N-MTTL SI Model: Non-Intrusive Multi-Task Transfer Learning-Based Speech Intelligibility Prediction Model with Scenery Classification

Ľuboš Marcinek, Michael Stone, Rebecca Millman, Patrick Gaydecki

The application of speech enhancement algorithms for hearing aids may not always be beneficial to increasing speech intelligibility. Therefore, a prior environment classification could be important. However, previous speech intelligibility models do not provide any additional information regarding the reason for a decrease in speech intelligibility. We propose a unique non-intrusive multi-task transfer learning-based speech intelligibility prediction model with scenery classification (N-MTTL SI model).
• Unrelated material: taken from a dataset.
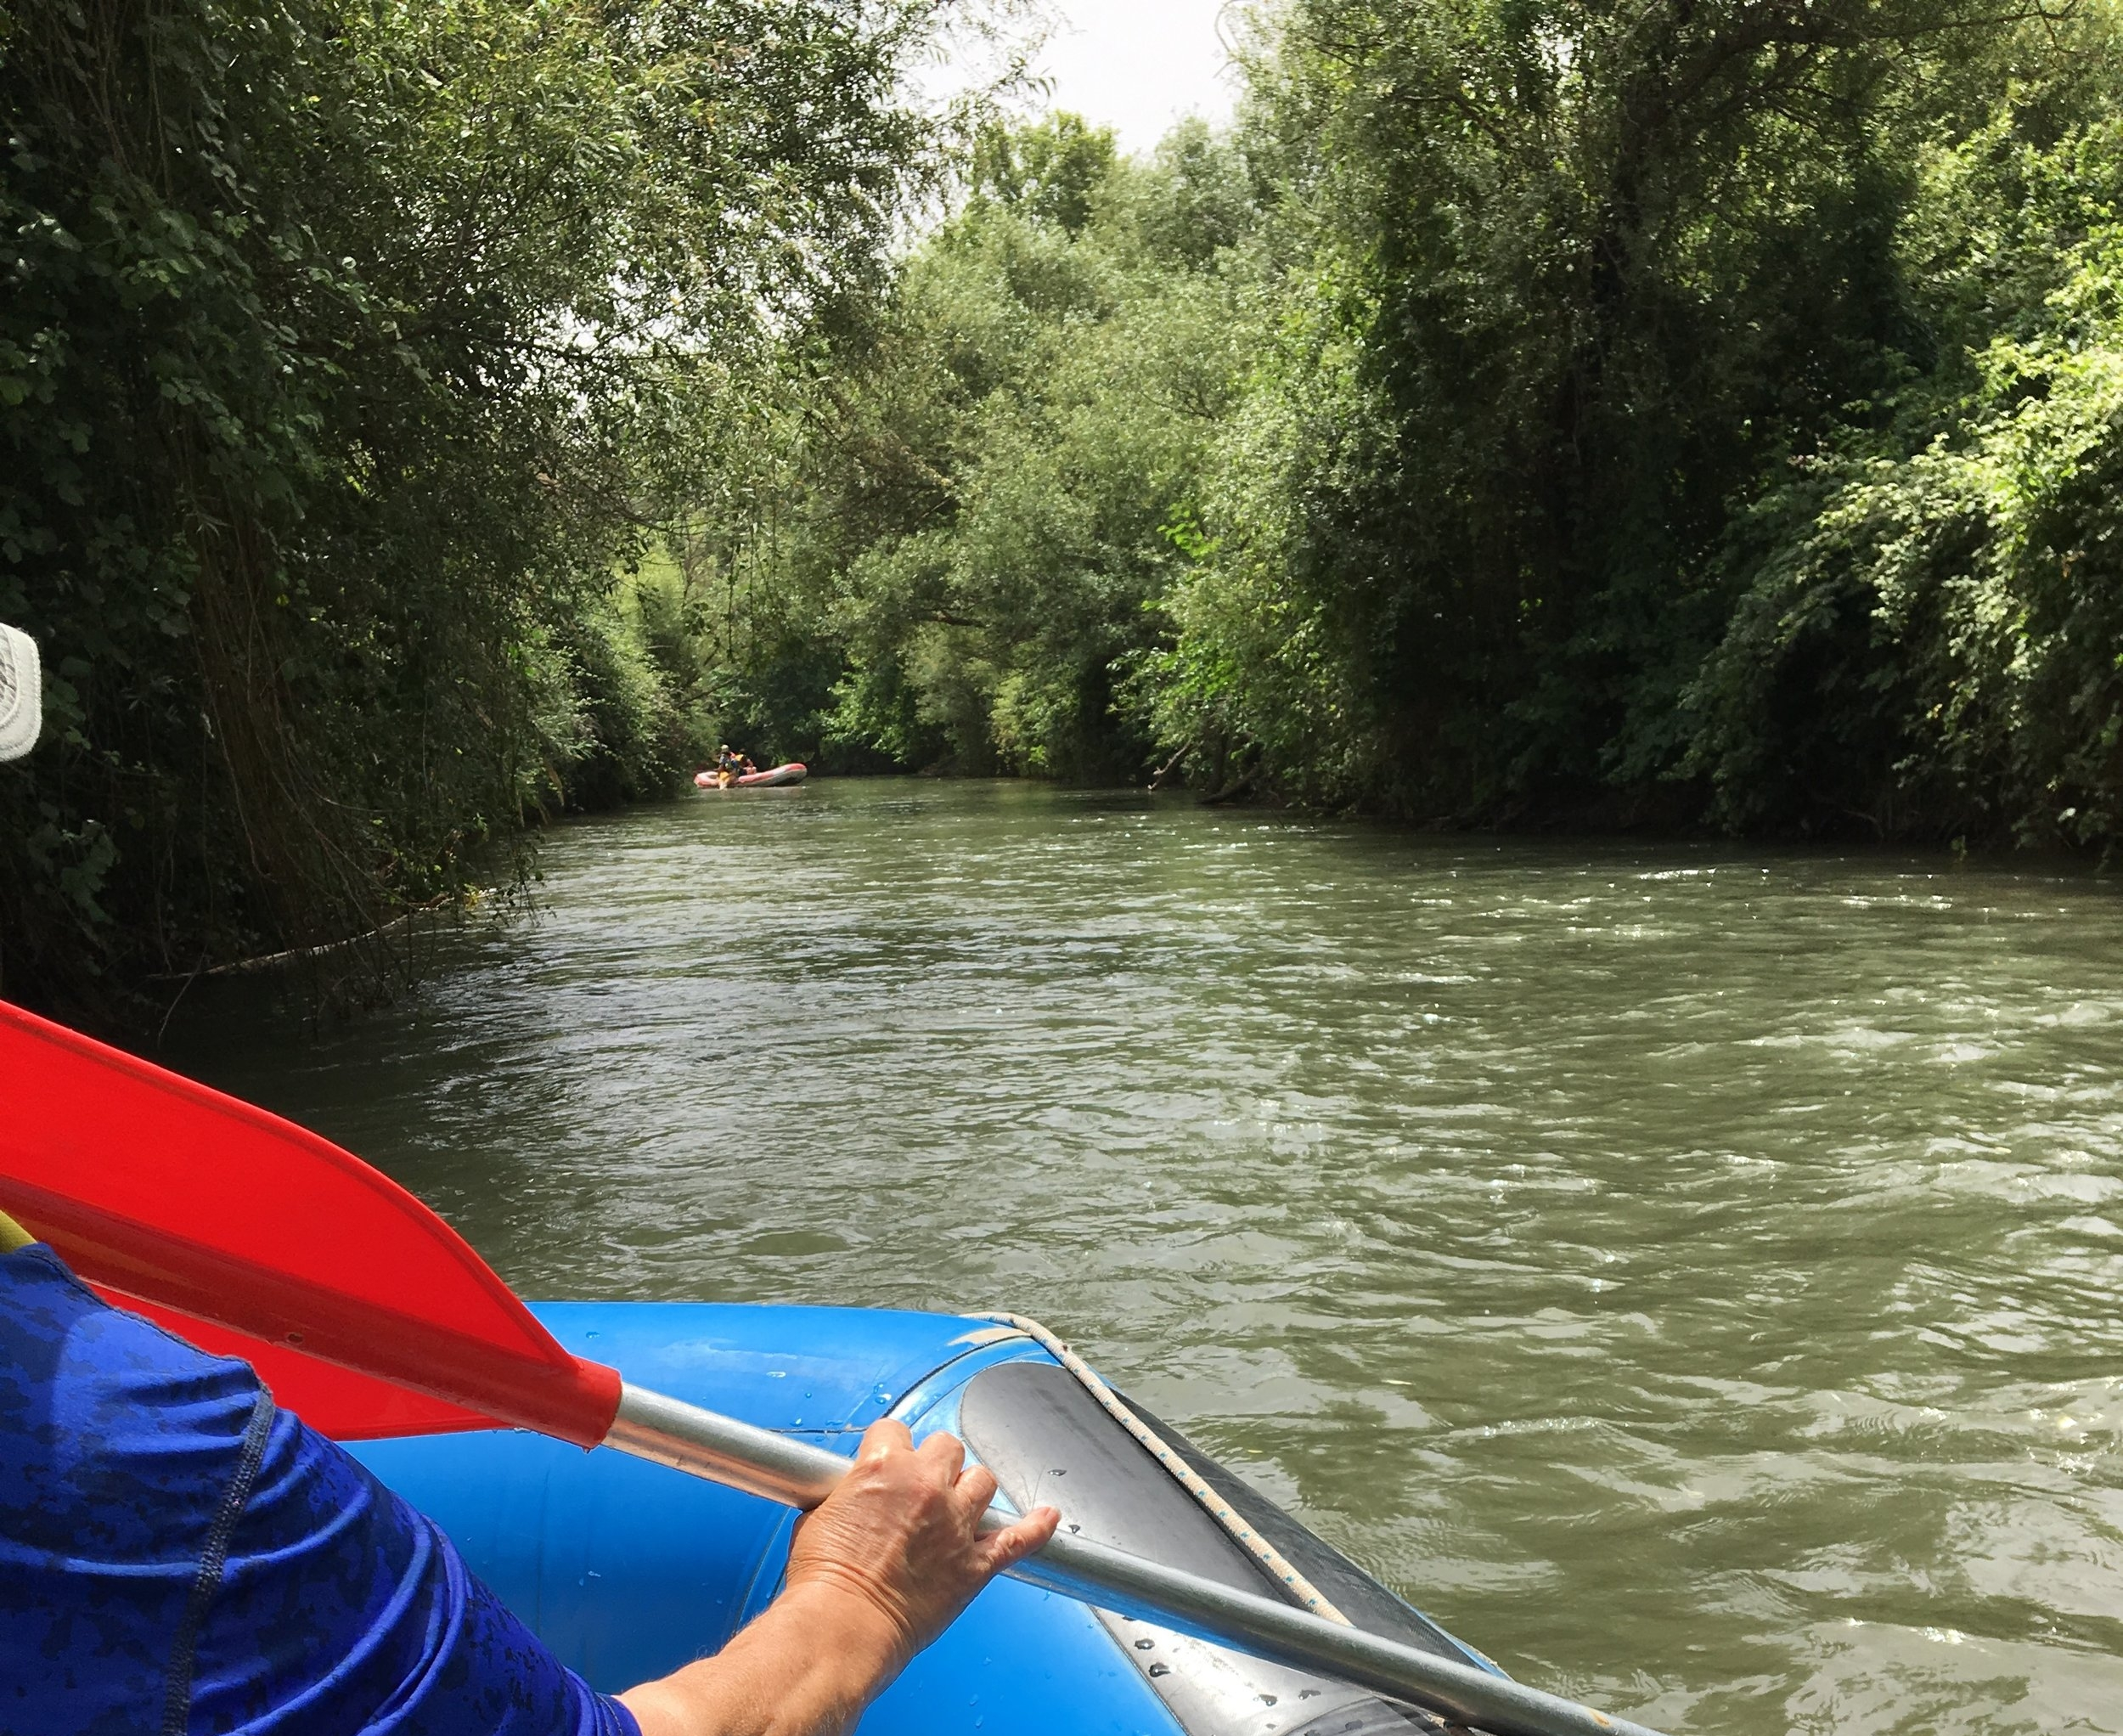 White-water rafting on the Jordan River

The solution combines a Mel-spectrogram analysis of the degraded speech signal with transfer learning and multi-task learning to provide simultaneous speech intelligibility prediction (task 1) and scenery classification of ten real-world noise conditions (task 2). The model utilises a pre-trained ResNet architecture as an encoder for feature extraction. The prediction accuracy of the N-MTTL SI model for both tasks is high. Specifically, RMSE of speech intelligibility predictions for seen and unseen conditions is 3.76% and 4.06%. The classification accuracy is 98%. In addition, the proposed solution demonstrates the potential of using pre-trained deep learning models in the domain of speech intelligibility prediction.